There was a time when Terry Tappin and I used to pack a small bag and head off to the Iberian peninsula to enjoy the largesse of our Spanish football association colleagues and take in one of the marvellously competitive La Liga games.

For years the league fizzed with terrifically entertaining games where results involving the top teams had a frisson of expectation, as any result was possible. Who can forget that sparkling Real Sociedad team marshalled by Xabi Alonso that should have won the league in 2003 or the swashbuckling Deportivo team of Tristan, Valeron, Mauro Silva and Fran that murdered Real Madrid in the Copa del Rey final and even the grinding success of Benitez’s Valencia. Great days. And although Real Madrid and Barca were always around the top, results were never certain.

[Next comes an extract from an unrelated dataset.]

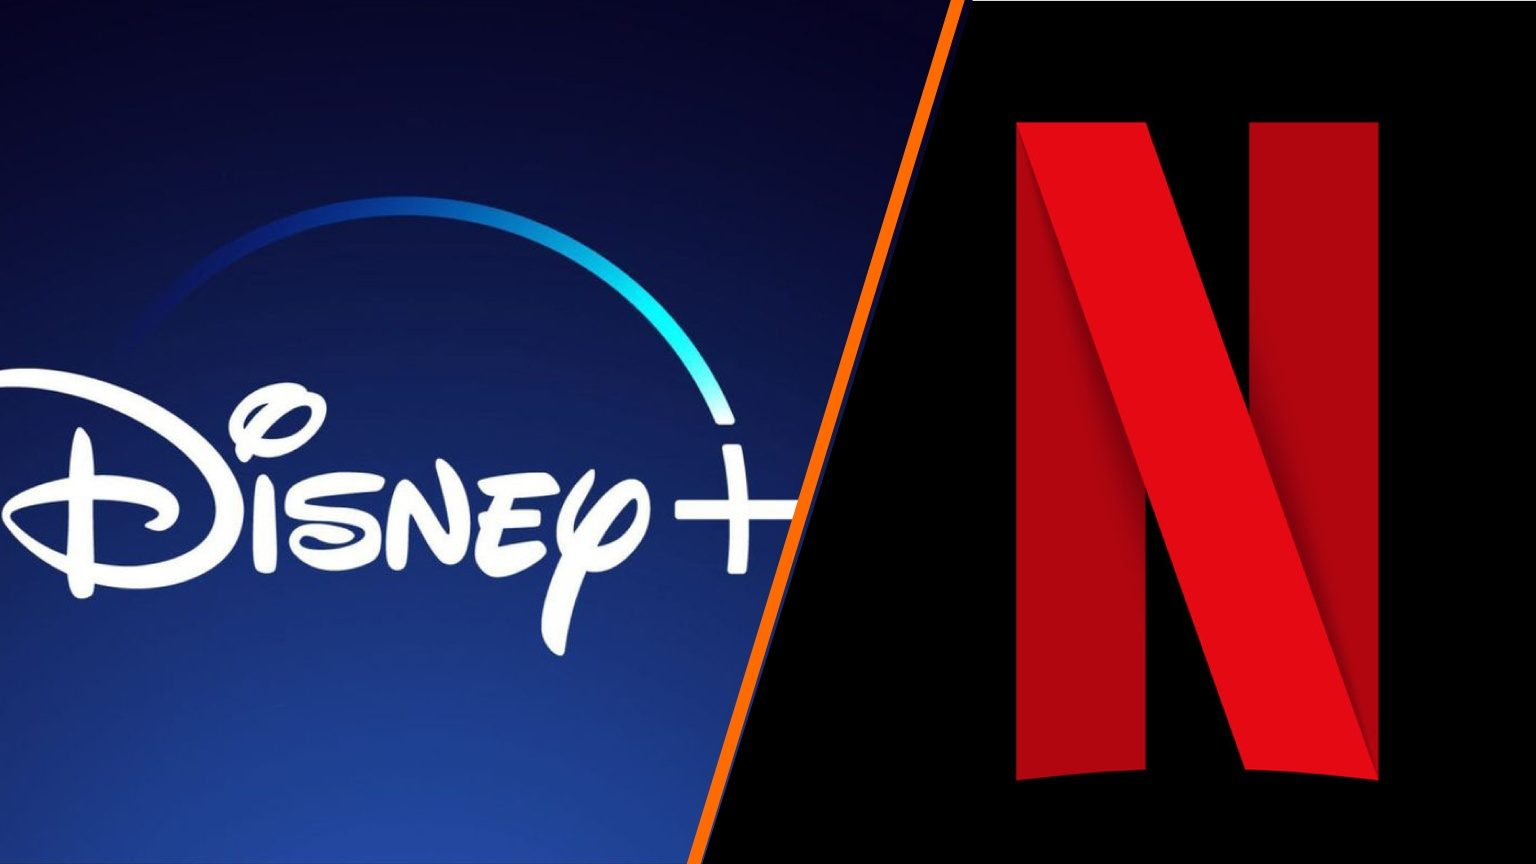 Disney Plus vs Netflix M
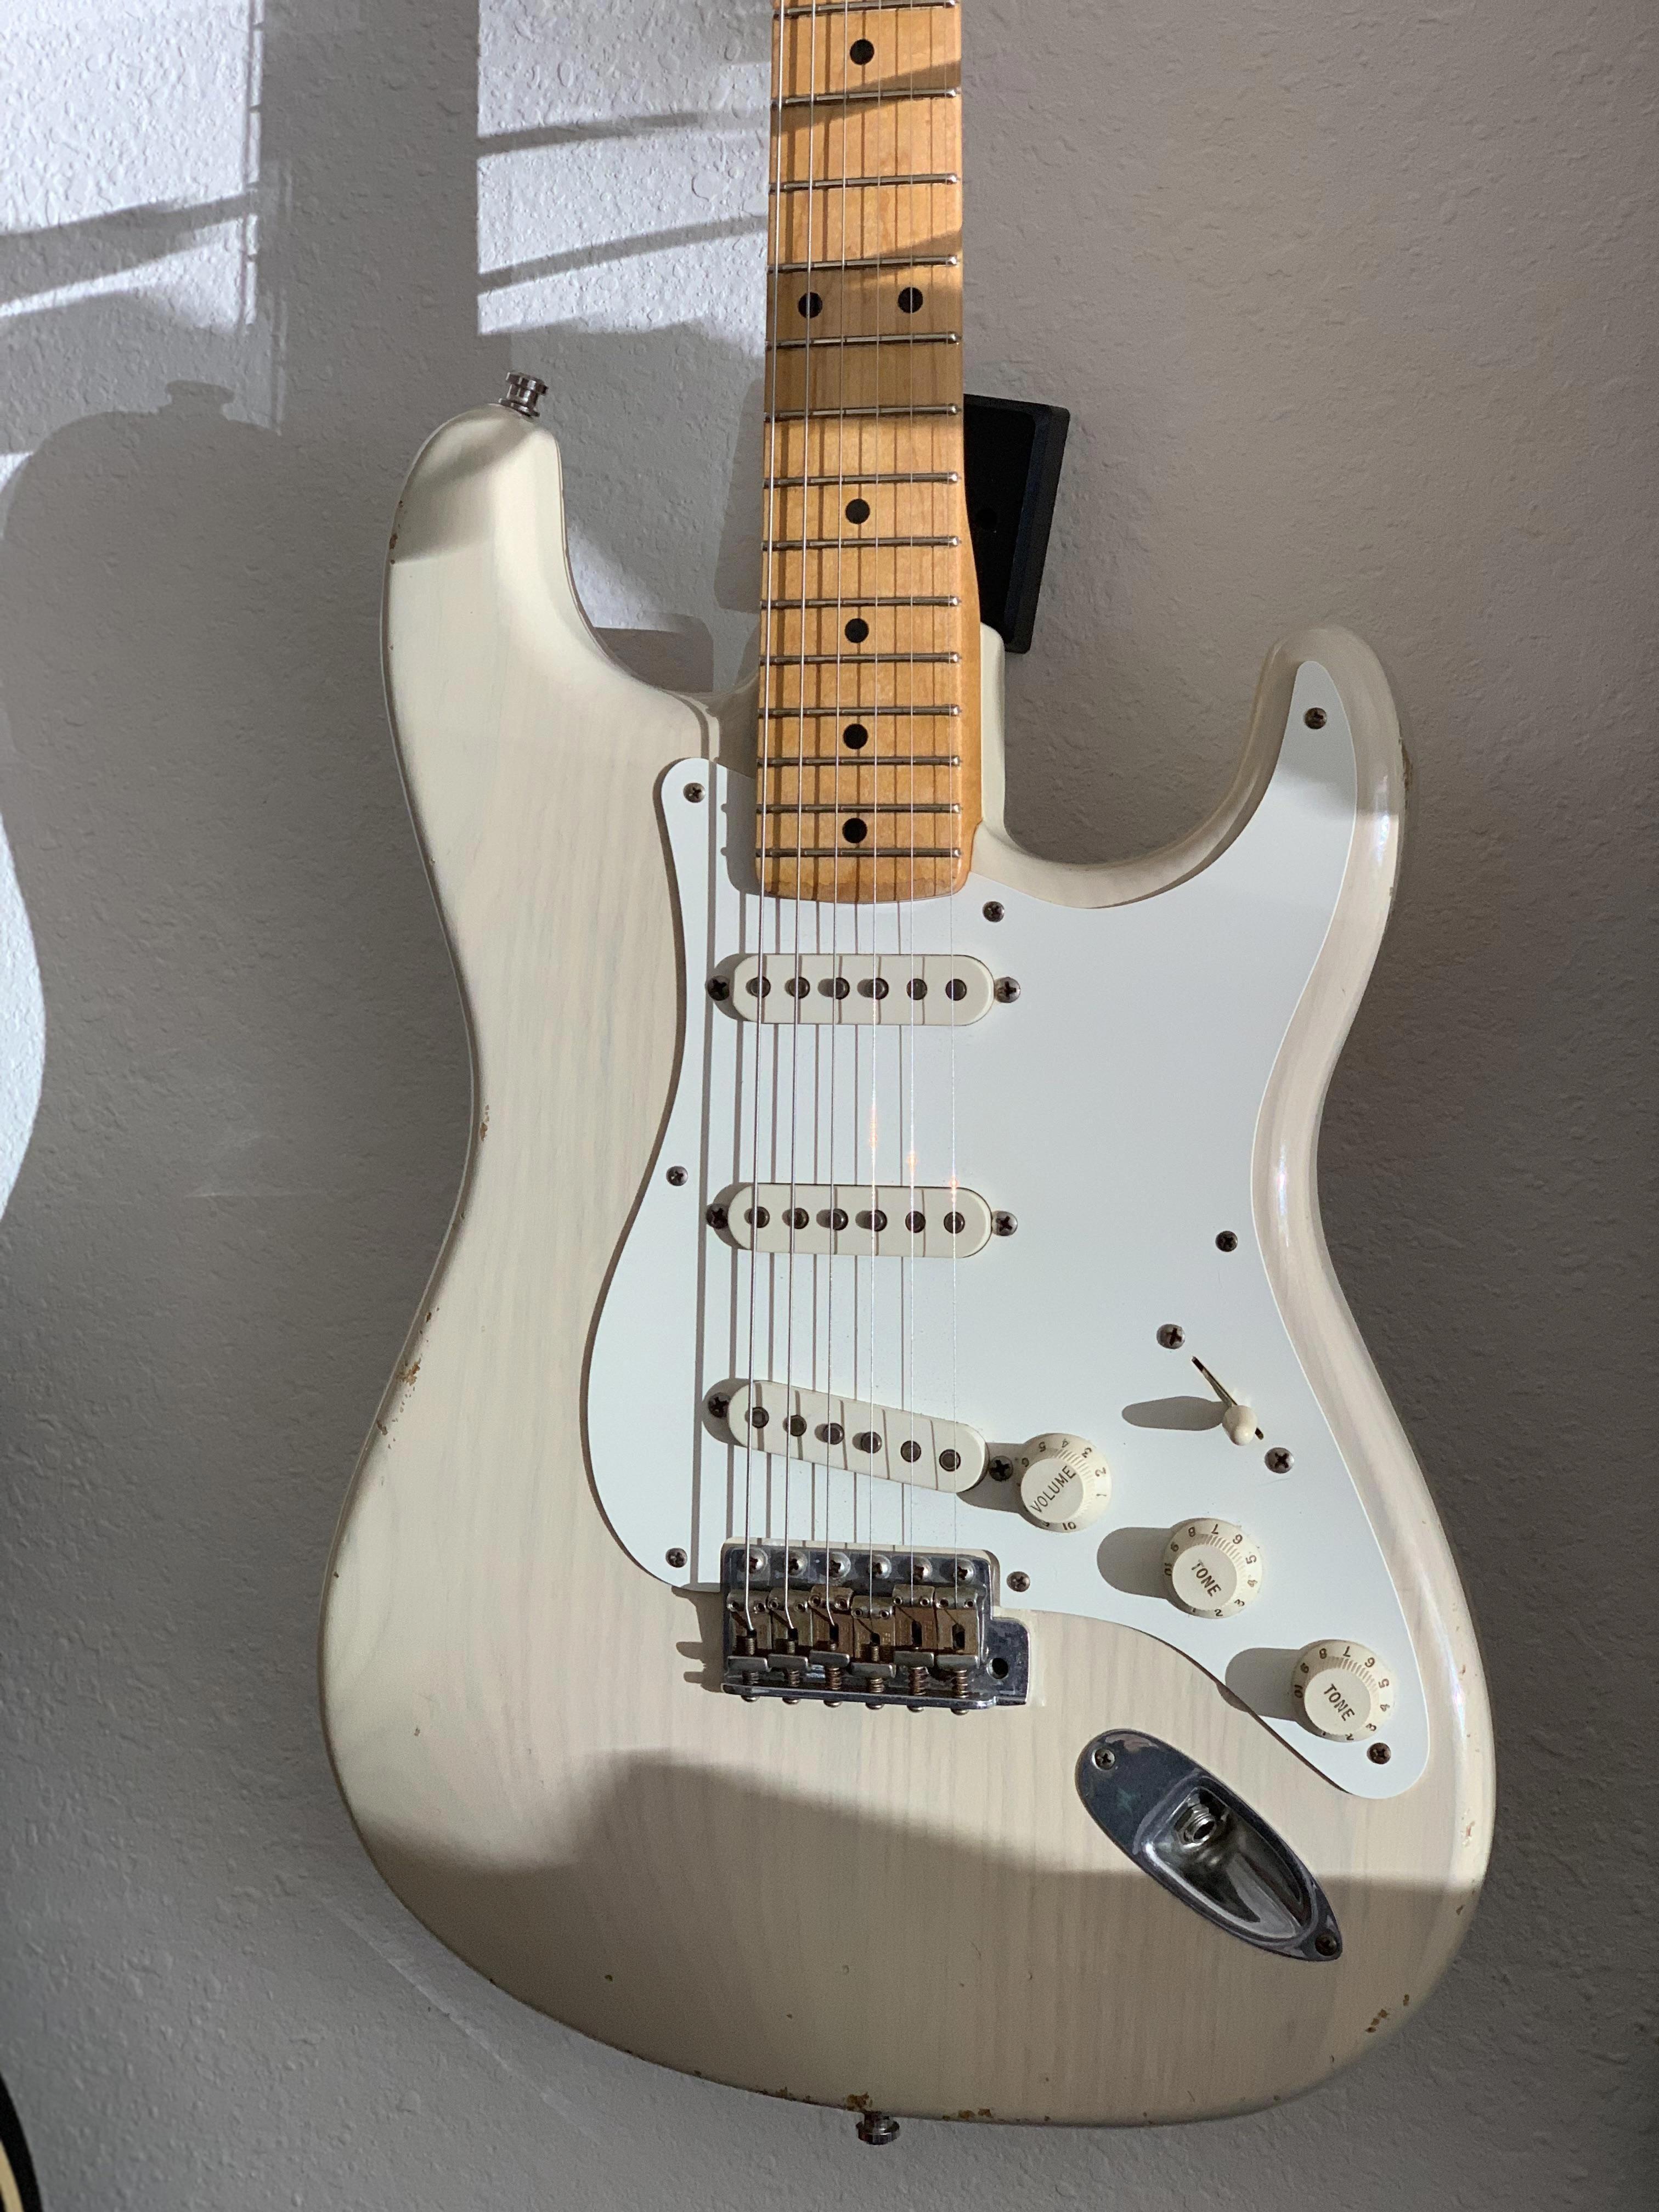 16 Premium Fender Guitar Gifts For Men Fender Guitars T Shirt #guitarteacher #guitarsolo #fenderguitars #fenderguitars

But now, how times have changed. We received an invitation from the lads in Spain a couple of weeks ago and both Terry and I made feeble excuses to skip the trip. What’s the point? The results are never in doubt. The top two are so superior to all the other teams that the league is almost Scottish in its monotony. Look at this weekend. Real Madrid beat Espanol – the team in sixth place – playing with 10 men for the entire game. Teams turn up at the Bernabeu and the Camp Nou and play with an almost supine reverence.

It’s a classic example of the rich getting richer and richer. It’s well known the top two in Spain snaffle the majority of the TV money and while the Premier League has a slightly fairer system we are undoubtedly moving towards an age when a significant proportion of teams begin the season knowing they are playing for nothing.

It’s a sobering thought that the world’s supreme capitalist nation runs its major sport, the NFL, along egalitarian lines by sharing out the cash and talent equally, as they know full well that lack of competition in the league is a poor product. So the Premiership and La Liga beware. The current age of football is buoyant and monied but those of us slightly longer in the tooth can remember less well-heeled times.

And as for our jaunts to the continent, Terry and I have decided to change tack and eschew the yawn of La Liga for a while in favour of a trip to Bloomfield Road where romance and attacking flare live on…and where you never quite know what’s going to happen.